#### YOUR GOAL:
Quote every line below exactly and skip any picture.

#### INFORMATION PROVIDED:
Segment Open

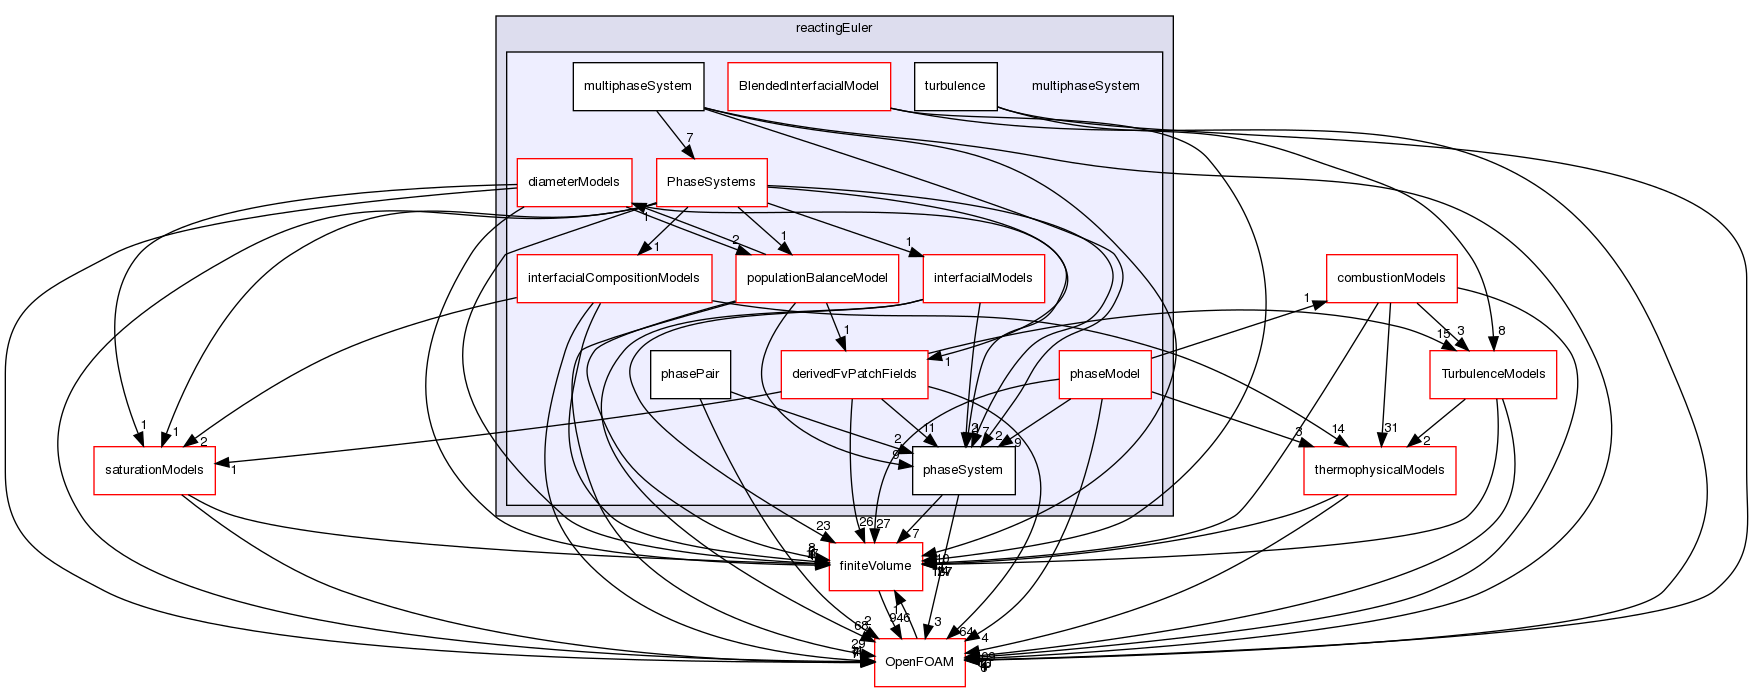 src/phaseSystemModels/reactingEuler/multiphaseSystem
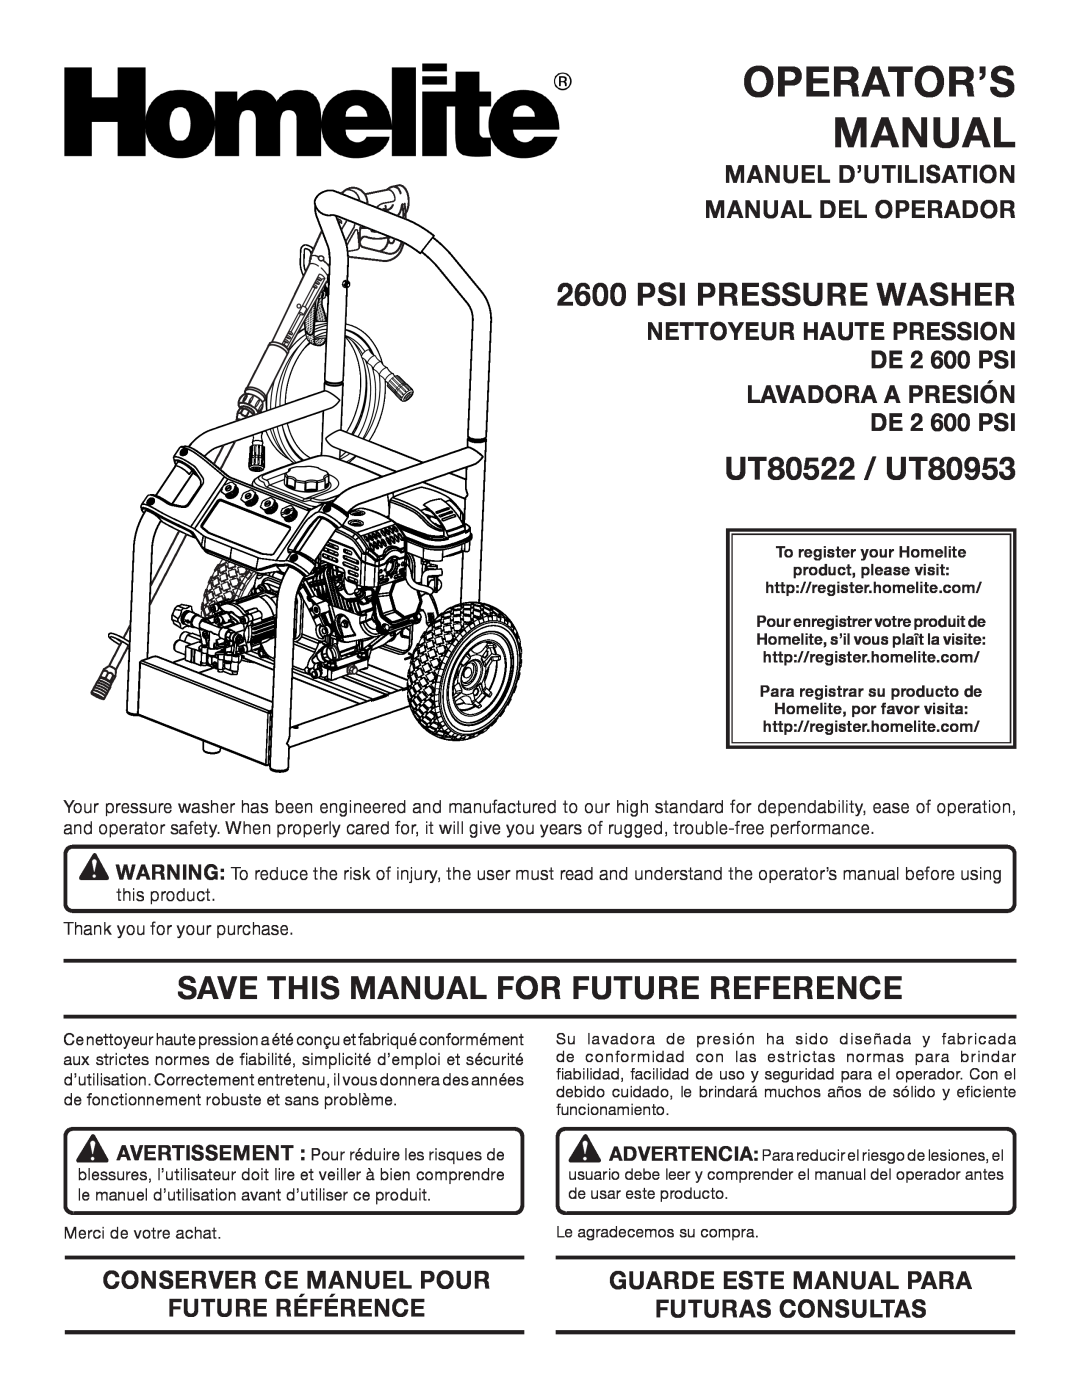 Homelite manuel dutilisation Psi Pressure Washer, UT80522 / UT80953, Save This Manual For Future Reference 
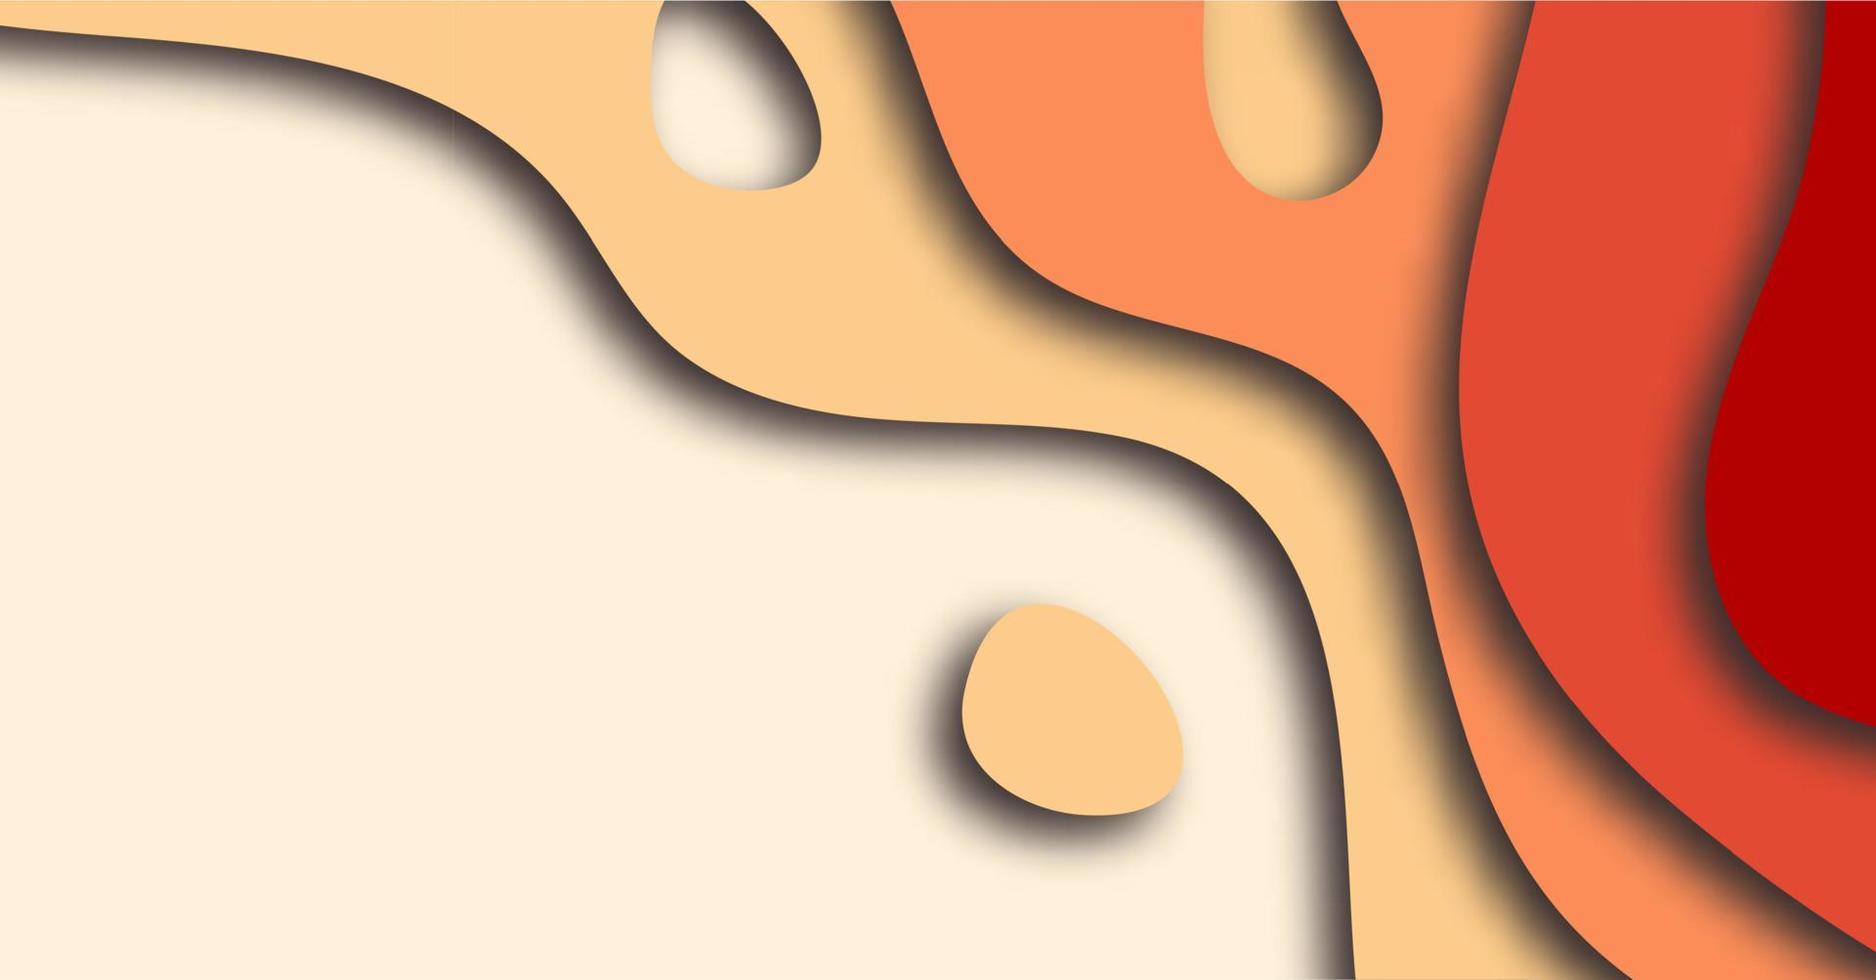 abstrakt bakgrund med orange papper skära former baner design. vektor illustration.

Segment Closed

#### ANSWER TO THIS TASK:
 src/phaseSystemModels/reactingEuler/multiphaseSystem
 Homelite manuel dutilisation Psi Pressure Washer, UT80522 / UT80953, Save This Manual For Future Reference 
 abstrakt bakgrund med orange papper skära former baner design. vektor illustration.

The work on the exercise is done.